No. The Earth has enough resources for every person to live with dignity. The real problem is that a handful of billionaires own as much wealth as the poorest half of humanity.
The distribution of public goods needs to evolve from flourishing for the few to flourishing for all.
Most people see poverty as a shortage problem. Not enough land. Not enough food. Not enough homes. Not enough energy. But that framing hides the deeper truth. Humanity is not simply struggling because the Earth failed to provide. We are struggling because our systems currently reward greed.
A handful of billionaires now own as much wealth as the poorest half of humanity. That fact alone should stop us in our tracks. It reveals something structurally broken, not just unfortunate. When so much wealth gathers at the top while billions live with insecurity, hunger, poor housing, or no reliable care, the problem is not individual failure.
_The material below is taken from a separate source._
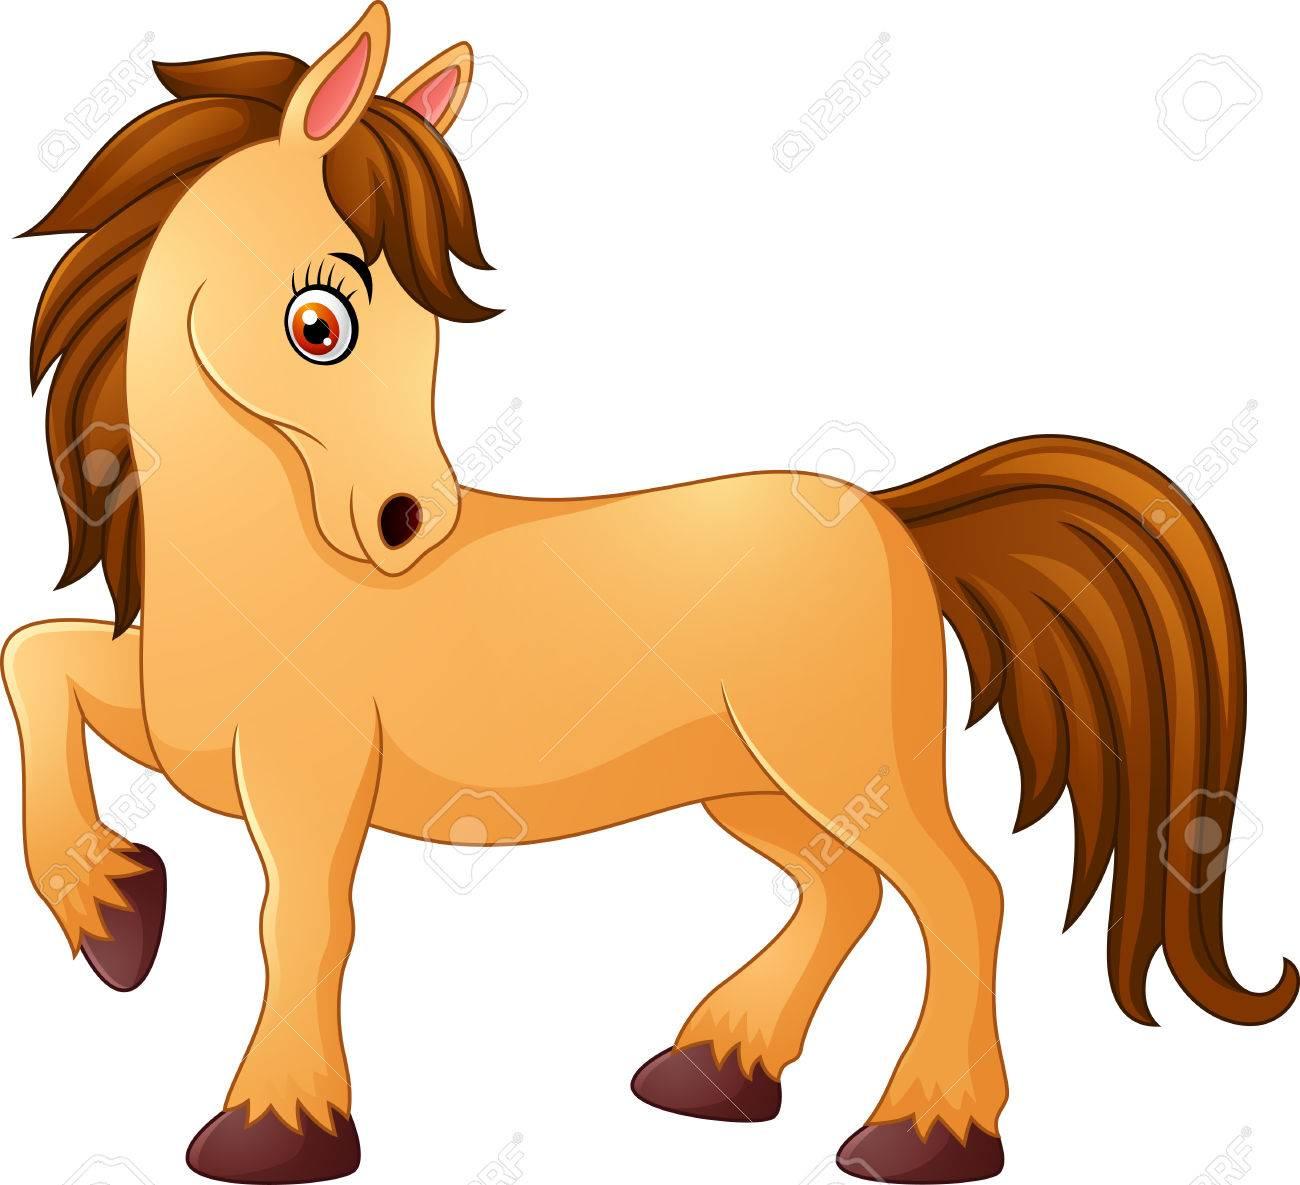 Cute Horse Cartoon Royalty Free Cliparts Vectors And Stock Illustration Image 62046788
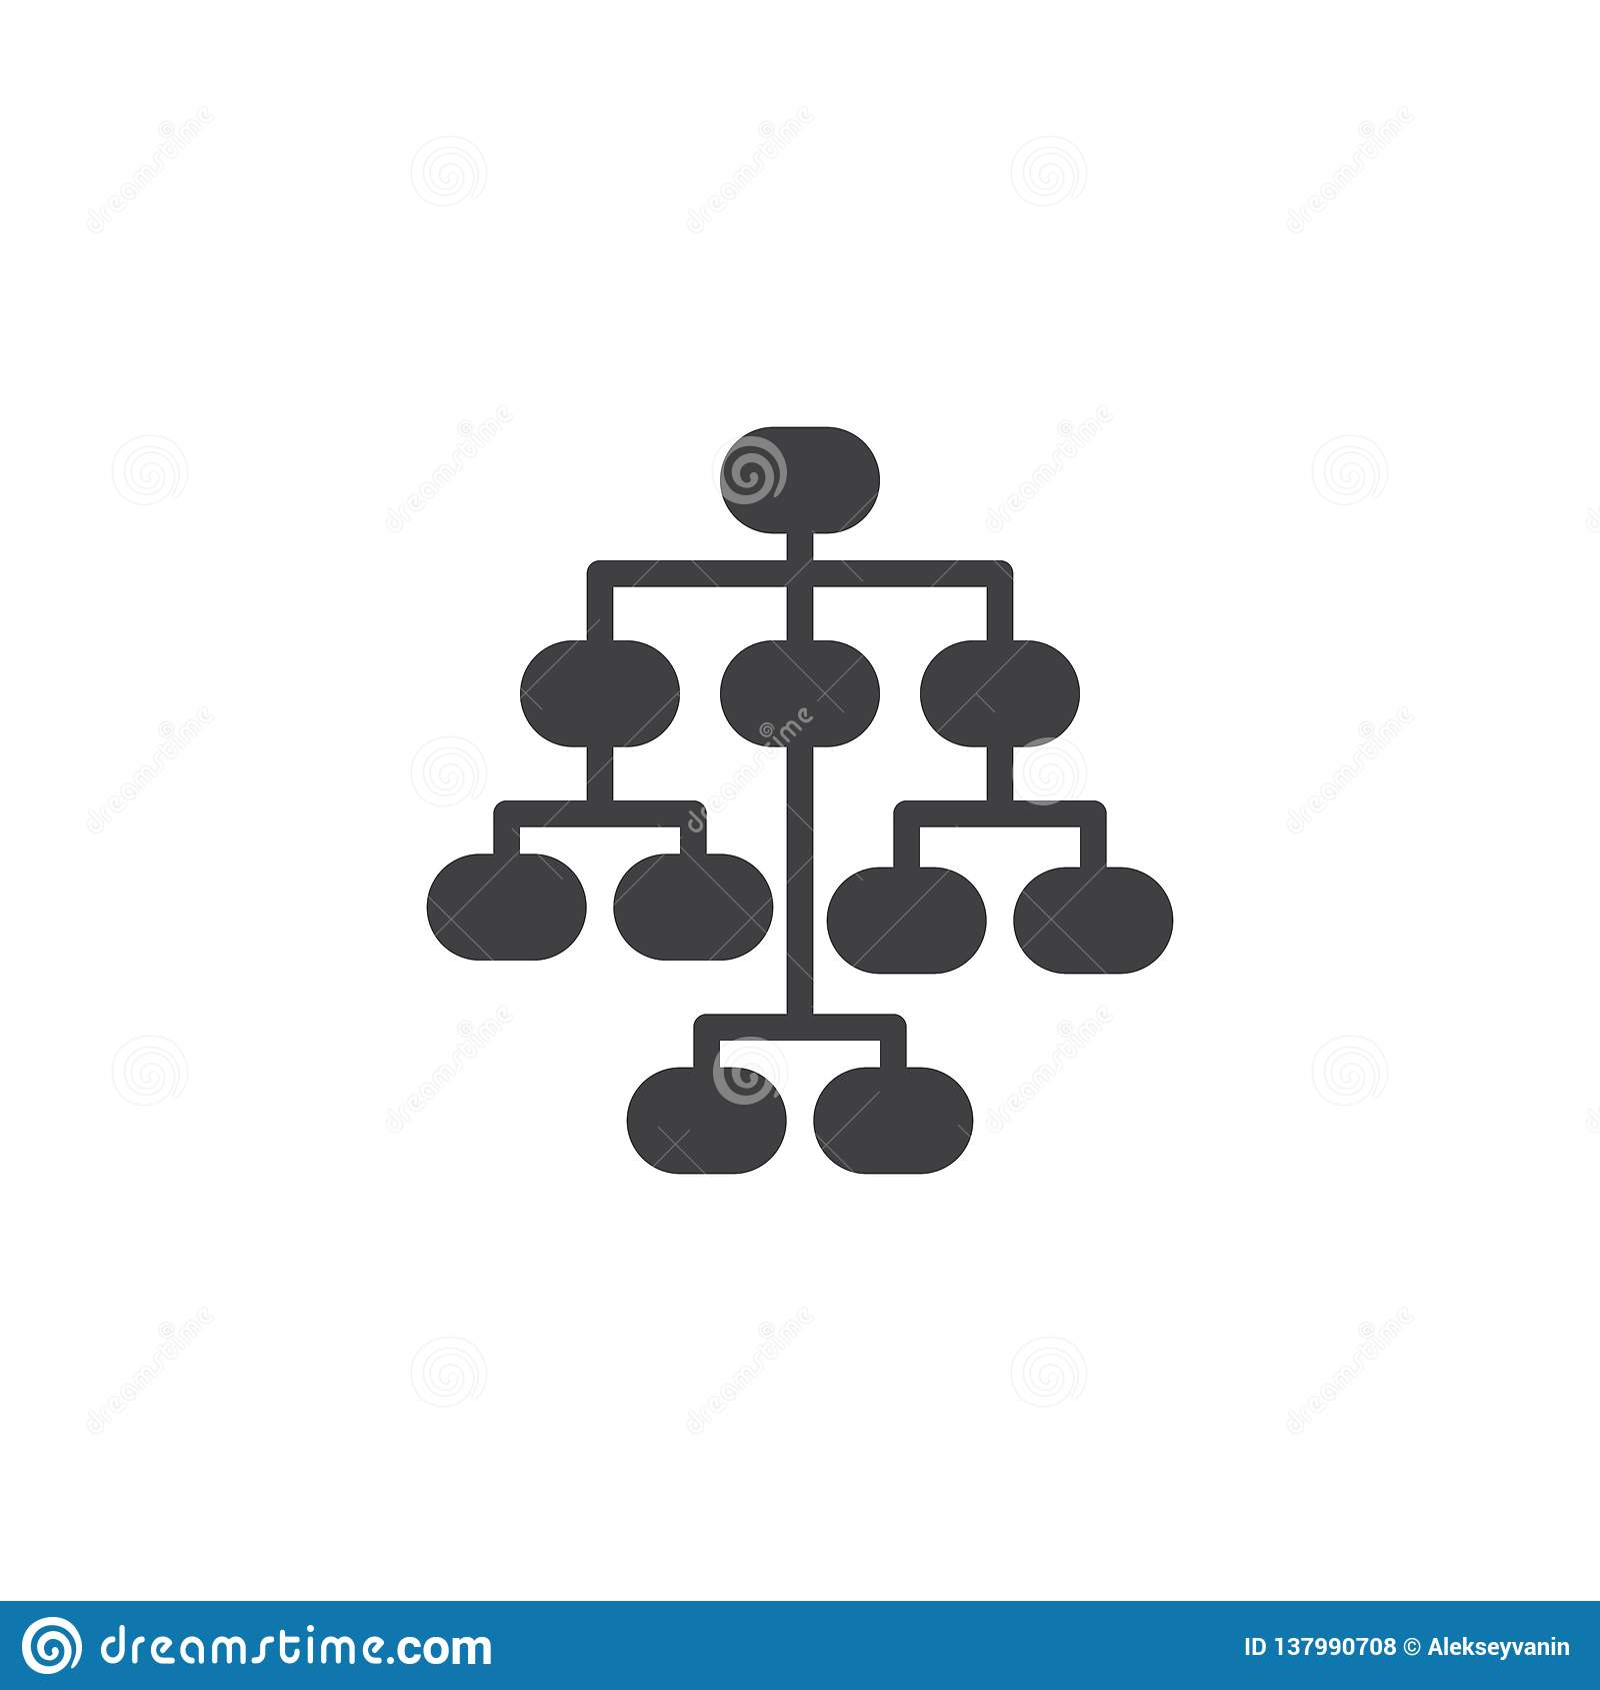 Sitemap vector icon

It is a civilization-level distribution failure.
The Earth has enough resources for every person to live with dignity: food, shelter, basic energy, healthcare, education, and connection. And we have enough resources to reward effort, ambition, risk, and talent, while still allowing luck to shape different lives. We even have room for some billionaires. The problem is not that nature failed to provide enough. The problem is how we distribute, waste, hoard, and prioritize those resources. We do not lack the ability to care for one another. We lack the will, structure, and moral clarity to make dignity the baseline.